Work in Progress
Market Size and Trade in Medical Services (with Jonathan Dingel, Josh Gottlieb, and Pauline Mourot)
[Revisions requested at American Economic Review]
We document substantial interregional trade in medical services and investigate whether regional economies of scale explain it. In Medicare data, one-fifth of production involves a doctor treating a patient from another region. Larger regions produce greater quantity, quality, and variety of medical services, which they “export” to patients from smaller regions. These patterns reflect scale economies: greater demand enables larger regions to improve quality, so they attract patients from elsewhere. Contrary to concerns that production is too concentrated, we estimate that larger regions have higher marginal returns. We study counterfactual policies that would lower travel costs rather than relocating production.
Resources: BFI Summary, BibTex, Public Data
Media: Washington Post, The Center Square, Chicago Booth Review, For All
Knowledge Growth and Organization of Expert Work: Evidence from Oncologists
Do workers respond to growing general knowledge by specializing? I study this in medical oncology, which has explosive growth in knowledge based on changes in historical cancer treatment guidelines. In response to knowledge growth, a minority of highly specialized oncologists become even more specialized. However, most oncologists do not become more specialized and continue to see a range of cancers. Instead, they increasingly fall behind the most specialized oncologists in drug-specific experience and the adoption of new cancer drugs. Growth in specialization occurs only in large markets, leading to increasing geographic inequality and implying growing economies of scale in healthcare.

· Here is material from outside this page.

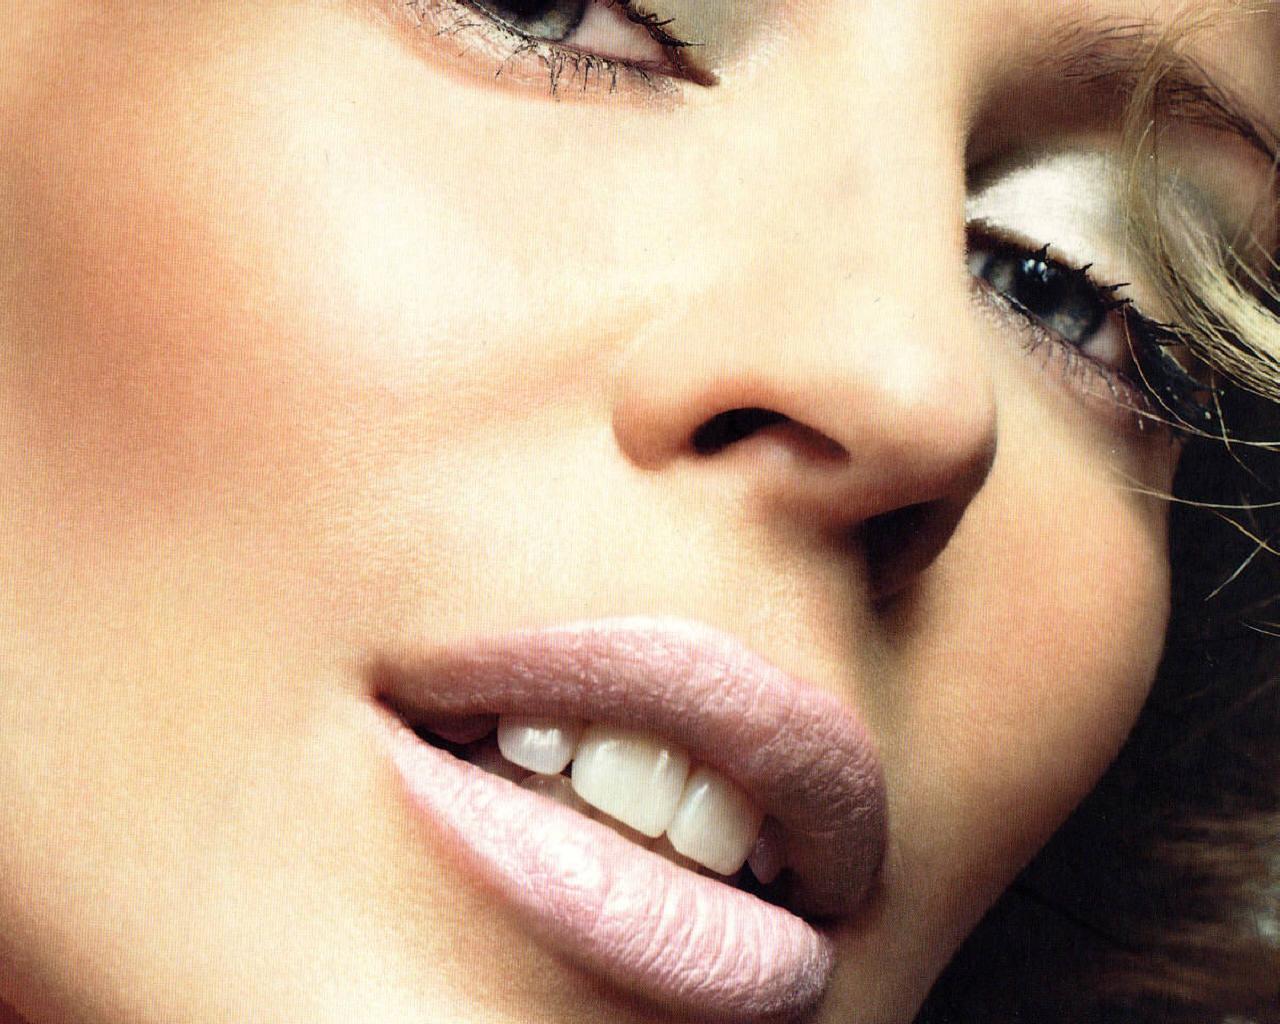 http://2.bp.blogspot.com/-B5ULUhfS6os/T8LulWx1hHI/AAAAAAAAKmg/-s3FxU4ii2M/s1600/Kylie-Minogue-kylie-minogue-64560_1280_1024.jpg

Mentions: Marginal Revolution
I empirically investigate the trade-off between accuracy and interpretability in Medicare Advantage risk adjustment models. I introduce a formal metric for model complexity in payment policy, which equates complexity to the number of coefficients in a model, a factor central to stakeholder interpretation of payment rates. Machine learning models significantly improve prediction accuracy and robustness to upcoding but also dramatically increase complexity. An analysis of policymakers’ preferences reveals that these models likely do not justify their additional complexity. Future research should explore aligning machine learning advances with payment policy constraints.

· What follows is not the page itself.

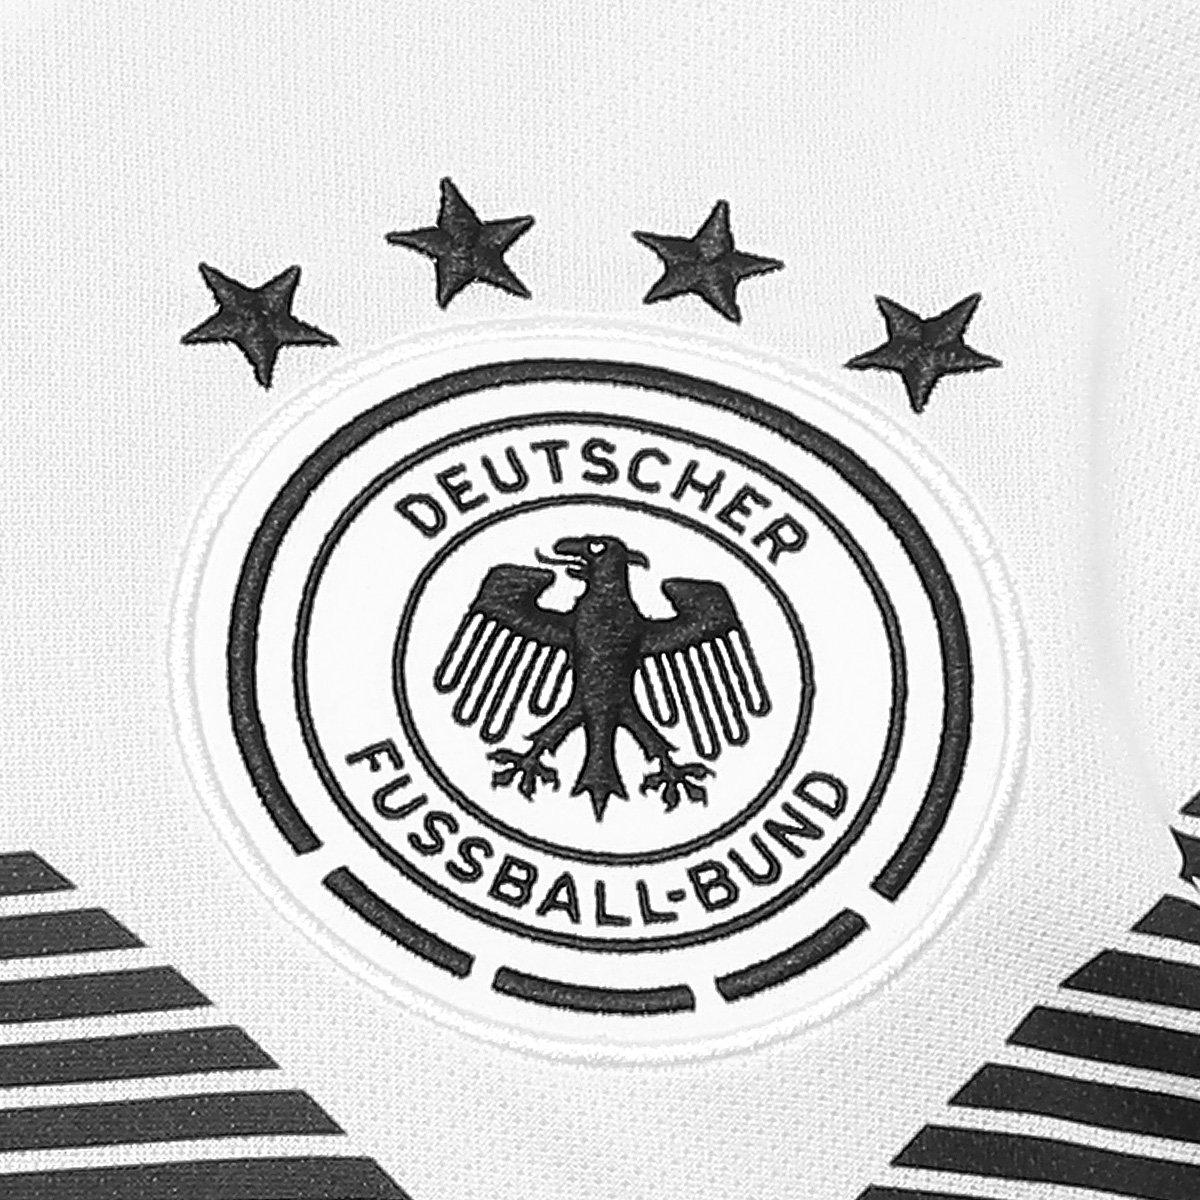 61bf9a52aa ... Camisa Seleção Alemanha Home 2018 n° 14 Goretzka - Torcedor Adidas  Masculina ...
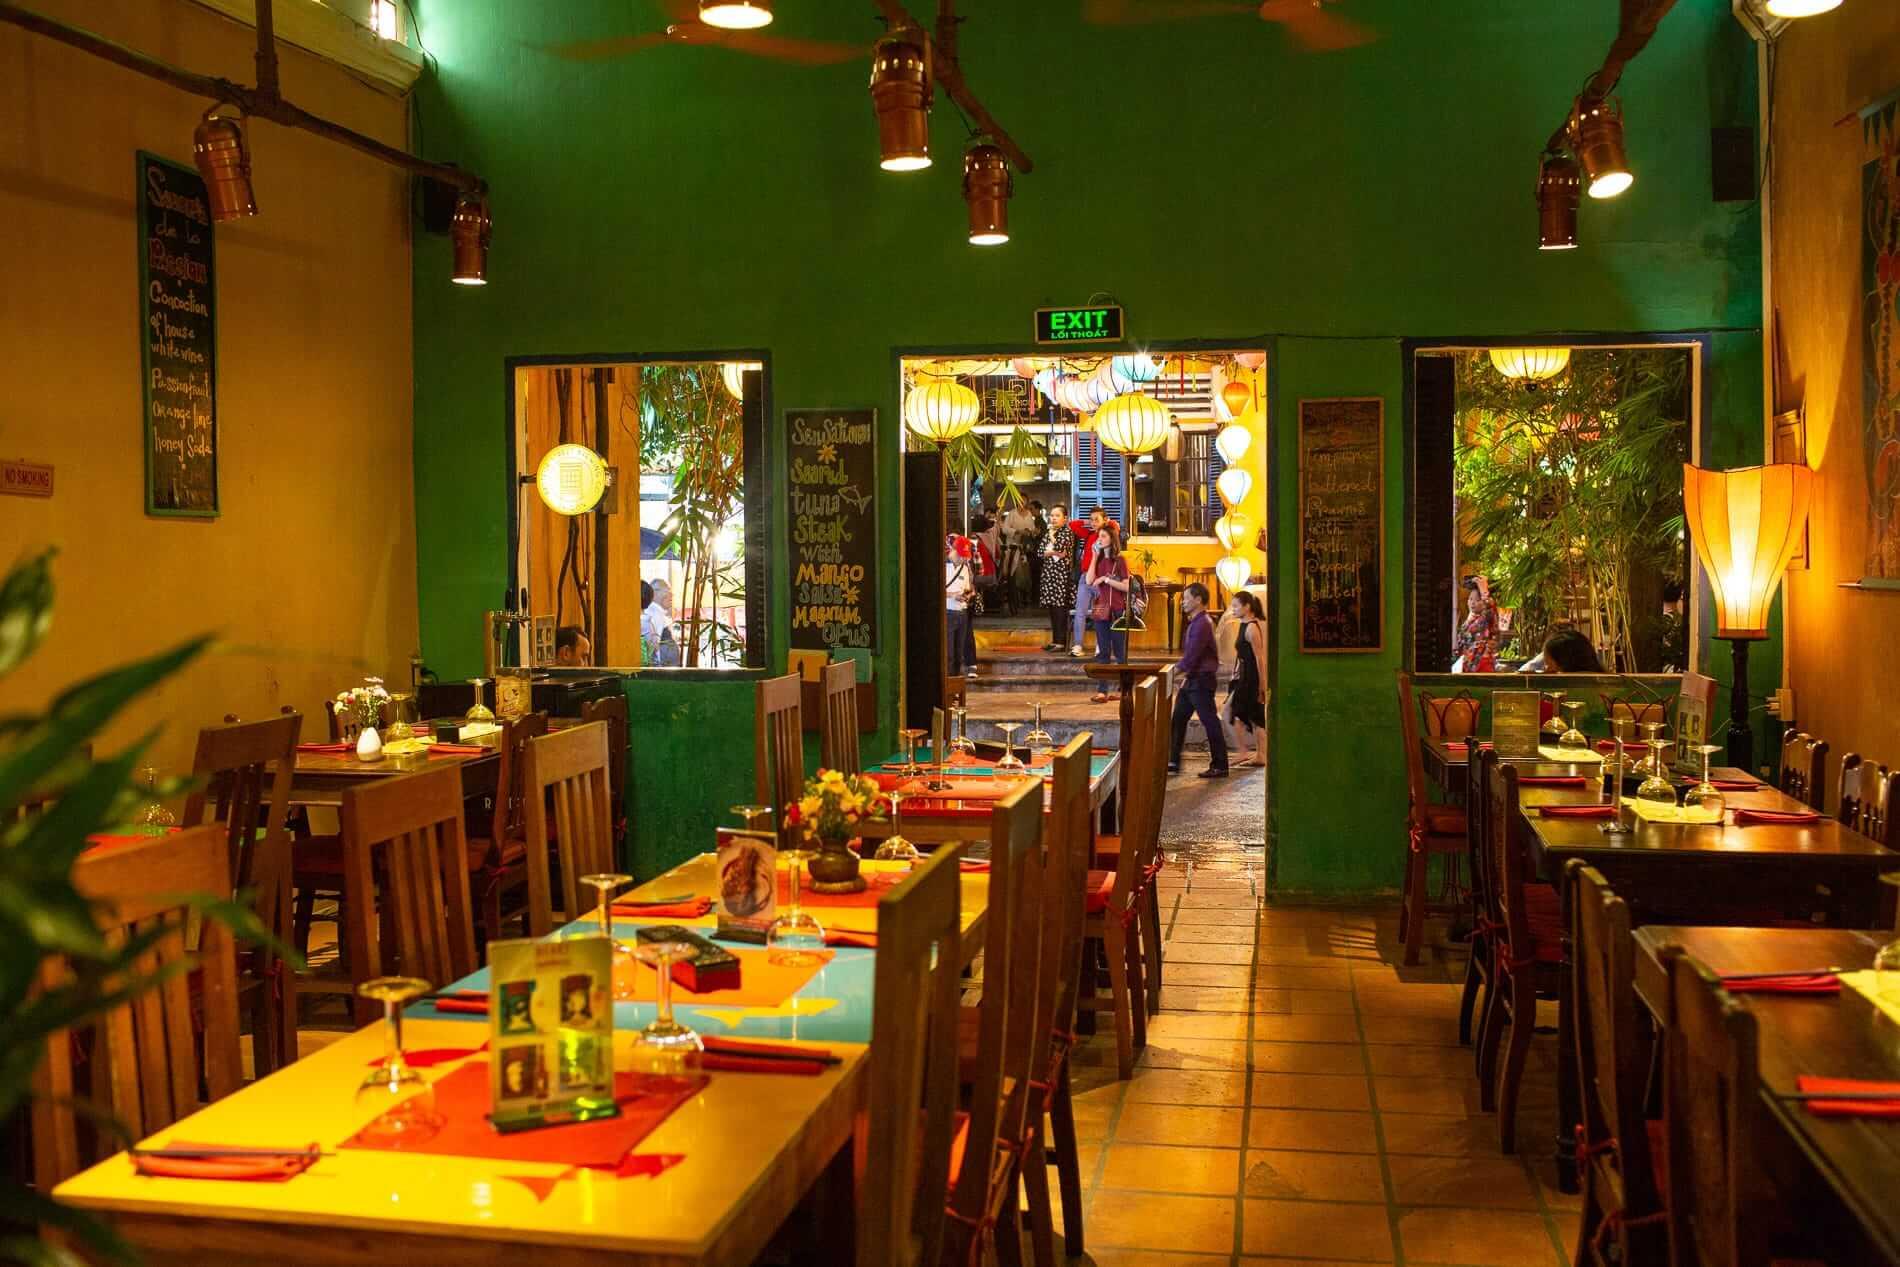 Mango Rooms Restaurant interior

The Art of Medicine as Economics: Modeling Clinical Tradeoffs in the Production of Health
Standard economic models assume that monetary costs are the primary constraint to the use of medical care. However, clinical medicine abounds with situations where the use of effective medical treatments is not constrained by monetary costs but by the negative side effects of treatments, which I refer to as “health costs”. Navigating these trade-offs is referred to clinically as “the art of medicine.” I model these trade-offs by making a simple but substantive change to standard economic models of healthcare consumption. Medical treatments have a health cost. Treatment improves health in one dimension but harms it in another, constraining healthcare use. Patients whose medical care is constrained by health costs are unresponsive to monetary price changes. The model provides further predictions about situations in which price will be an effective policy lever and in which moral hazard will be limited. It also provides economists with a framework for thinking about clinical tradeoffs, a central driver of patterns of healthcare consumption.